2009年10月31日
ディナモ・ザグレブのサポーター、バッド・ブルー・ボーイズ(BBB)の暴れっぷりに関してはよく話題にしていますが、とうとう強烈なツケをクラブが払わされることになりました。
ヨーロッパ・リーグの対ティミショアラ戦で、BBBがティミショアラ市内とスタジアムで暴れ、131人が逮捕された事件を受け、29日にUEFAの罰則委員会がディナモに対して「この先ホーム2試合は無観客」に加えて「勝点3を没収」という処分を発表しました。
これまでディナモは3試合を終えて勝点3。まだホームでアヤックス戦とティミショアラ戦を残していることを考えれば、現在勝点5で首位に並ぶアンデルレヒトとアヤックスを抜くチャンスがあったのですが、この処分で勝点が0になったことで、グループリーグの敗退は濃厚となりました。3日間のうちに控訴は可能なものの、処分が軽減される望みは薄いとされています。
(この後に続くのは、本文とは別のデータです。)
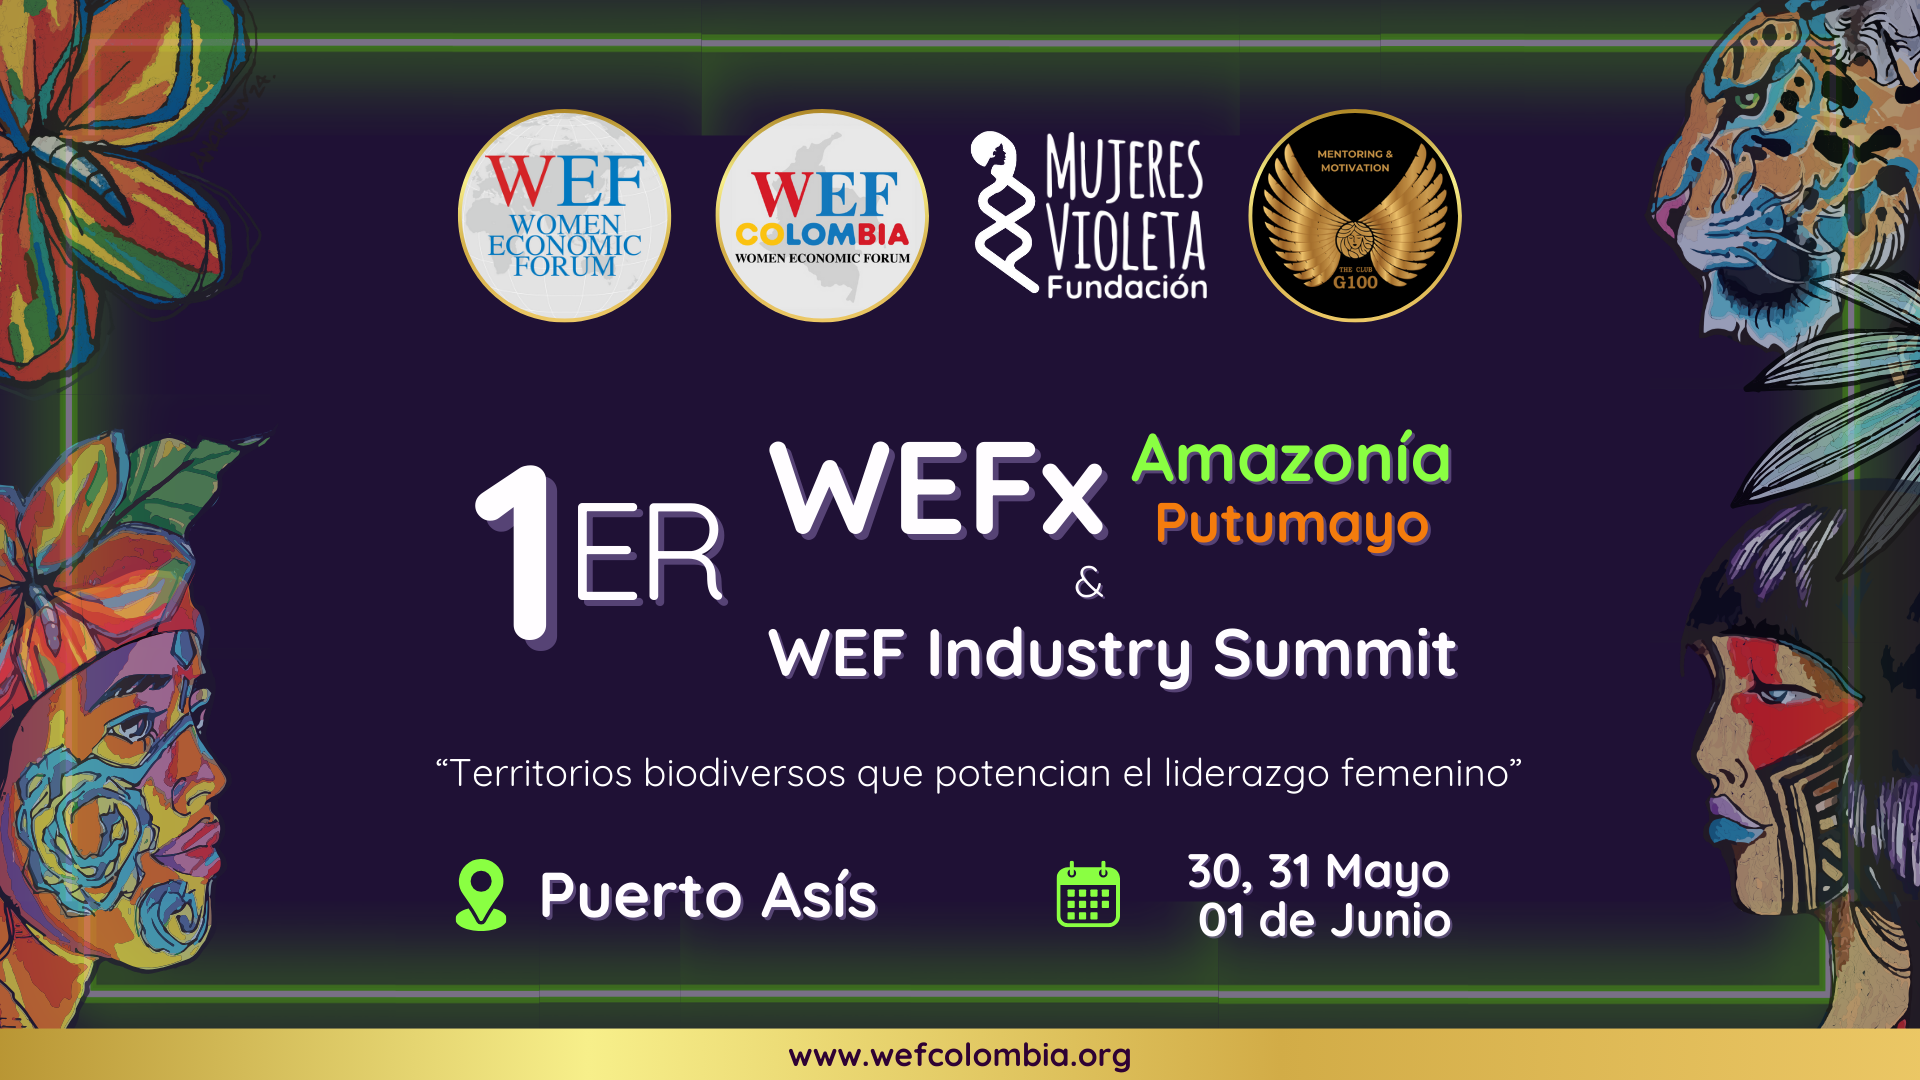 WEFx Regiones- Mujeres Violeta

UEFAがこれだけの重い罰則を与えたのも、BBBには多数の前科があるためです。国外に出る度に何かしらのトラブルを引き起こる彼らは、まるで「フーリガニズム」の宣伝カーのような存在。昨年のUEFAカップ・対ウディネーゼ戦では、ウディネ市が試合前に無料で料理とワインを振る舞うなど温かいもてなしをしたのにもかかわらず、試合中に大量の発炎筒を投げ入れて試合を中断させました。その時はUEFAに対してロビー活動したこともあって、処分は1試合の無観客試合+罰金20万ユーロ(この額も過去最高ではありますが)で済んだのですが、「この先3年間に問題を起こしたら、次こそは…」という執行猶予もついておりました。しかしながら、ディナモのフロントに打つ手はなく、ティミショアラでの事件、そして今月22日にはアムステルダム(対アヤックス戦/結果は1-2)でも26人が逮捕されました。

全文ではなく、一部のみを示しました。